One Last Goodbye. Essay About Death of The Loved One
You never know when the last time you will ever speak to someone ever again. The day in life where something tragic will happen to someone and you don’t get the chance to say goodbye to them. There have been three of those days for me, but one of them has impacted me the most. The day that it happened was January 19, 2014. It was a Sunday night and the entire Adair family was at my house to celebrate my birthday, which was 5 days earlier. We ate cake and ice cream, watched me open all of my gifts I have received, and were sitting at the front of our seats watching the Seattle Seahawks and the San Francisco 49ers play in the NFC Championship game.
“My thoughts are that the Seahawks will win” said my Uncle Krieg.
“No the 49ers are going to blow them out” my grandpa replied to him.
“Honestly, the Broncos have a better chance with the Seahawks than the 49ers” said my dad. The Broncos had beat the New England Patriots earlier that day, so our family was already filled with excitement. So for me, I didn’t really care about who won because I thought the Broncos would beat whoever they would play. But they didn’t. As the night went on and the cake and ice cream was getting to them, my family members started to leave my house.
“Alright, it's time to shower and go to bed,” said my mom after they had all left. I was so excited about the Broncos going to the Super Bowl that I took a quick shower and started to go to bed as soon as I could. At about 10:45, as my family and I were getting settled down in our beds, my mom gets an unexpected phone call. She answers the call, and no longer than 10 seconds, the look of sadness appears on her face.
“Who called you mom?” I had asked her.
“It was your Uncle Danny” she replied while choking on her words. At this point I knew something bad has happened.
“What’s wrong?” my dad asked.
“He said that we need to leave to Springville right now” she replied. Over the past couple months my Grandma Thompson was in the hospital because she had got really sick. She was getting better everyday. My mom had told us that something in her body did something bad that evening and there was alot of blood clots spread around. We started to pack a few things as fast as we could so we could leave. While we were driving, I couldn’t fall asleep, thinking about the situation my grandma was in.
“Try to get some rest buddy” my dad said to me while driving.
“Ok I will try” I replied. As I laid my head against the wall of my truck, I closed my eyes and still couldn’t stop thinking about my grandma. As we arrived at the hospital at 3:30 that next morning, my uncles were there waiting for us. They took my parents into the emergency room while my siblings and I sat in the waiting room. After about a half and hour, my dad comes back out of the ER and into the waiting room.
“I’m going to take you guys over to Grandpa’s house so you can go to sleep” he said. As we were driving down the freeway, my dad gets a text from my mom. The text said that my grandma was going to pass. My dad and my older sister Ashley started to tear up. I sat in the back seat with confusion. At a young age, I didn’t know what that meant. I thought she was meaning that it was like a test they were doing in her body and she was going to pass it. When I went to sleep on my grandpas couch, I waiting for the morning to come with some good news. At 7:30 AM, January 20th,my parents arrived at my grandparents' house. I ran into the kitchen to greet them, only to see the sadness in their faces.

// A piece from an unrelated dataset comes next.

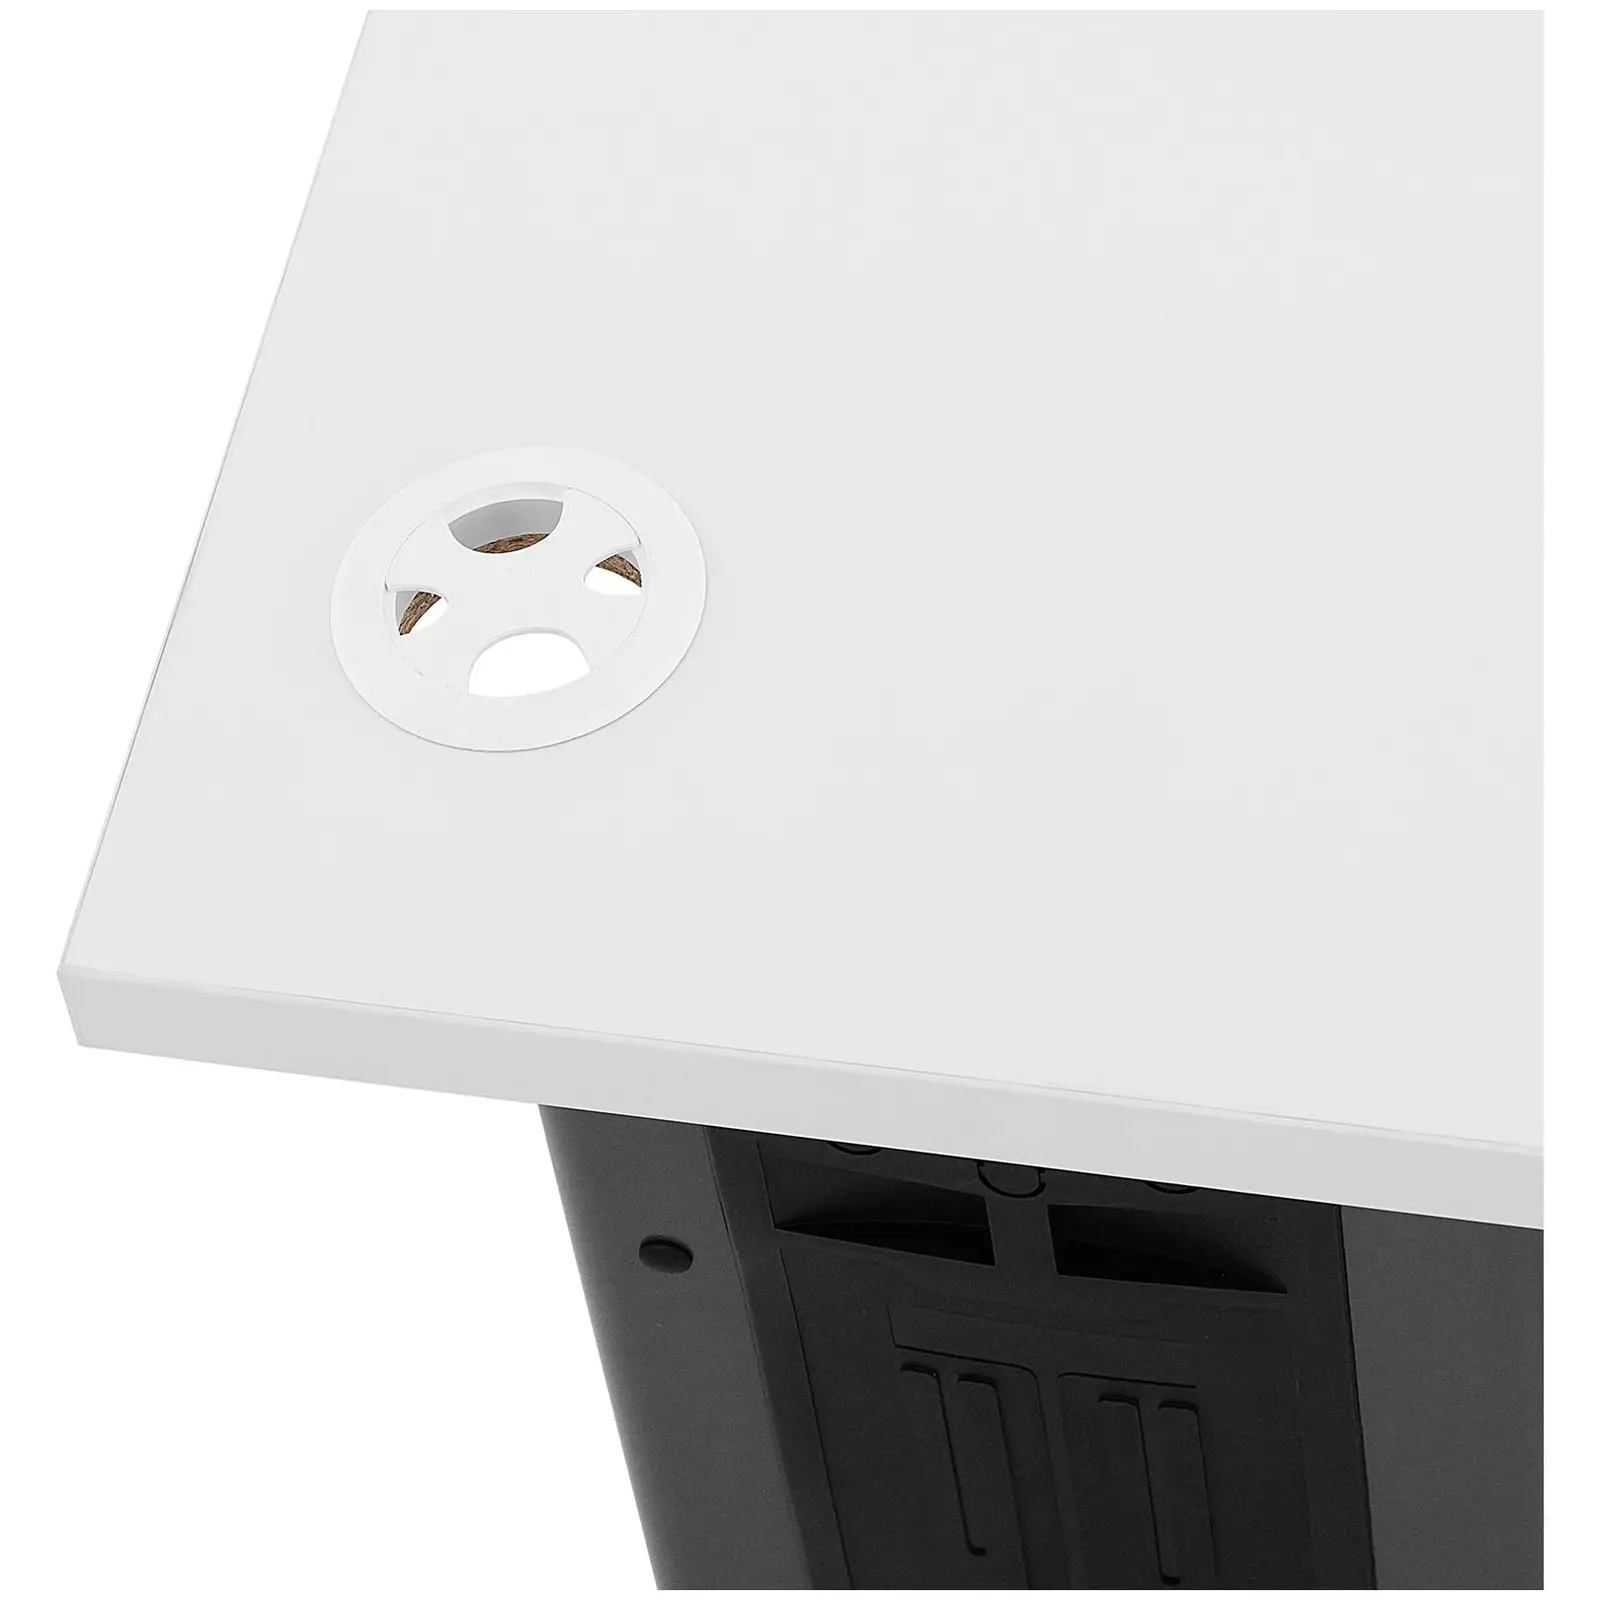 Kancelársky stôl - 120 x 73 cm - biela/sivá farba

‘What could of happened’ I was thinking. As my parents entered the house completely, they broke the news to my siblings and I.
“Your Grandma Thompson passed away this morning,” they said with great sadness. Their news hit me hard. I fell to my knees and started to cry. My parents came to me and hugged me tight. After this moment, I understood what they had been saying before meant now. At that moment, I began to realize that I haven’t talked to her in about 2 months. As I began to cry some more, another thought pooped in my mind. I never got the chance to say goodbye to my grandma. From that moment to today’s time, that thought always pops in my mind with a few questions that come with it. Would I have been less sad if I got the chance to say goodbye? What would have happened if I did say goodbye? The only answer to those questions is I don’t know. From that day on, I knew that I had to get the chance to talk to people more. I grew from a shy quiet kid to a people’s person after that moment. If I wouldn’t have grown from that experience, I wouldn’t have had the chance to talk to people and say goodbye to them. There is no worse feeling than not getting to say goodbye to someone, especially when that someone is a beloved family member. This was my story on how I grew from a child.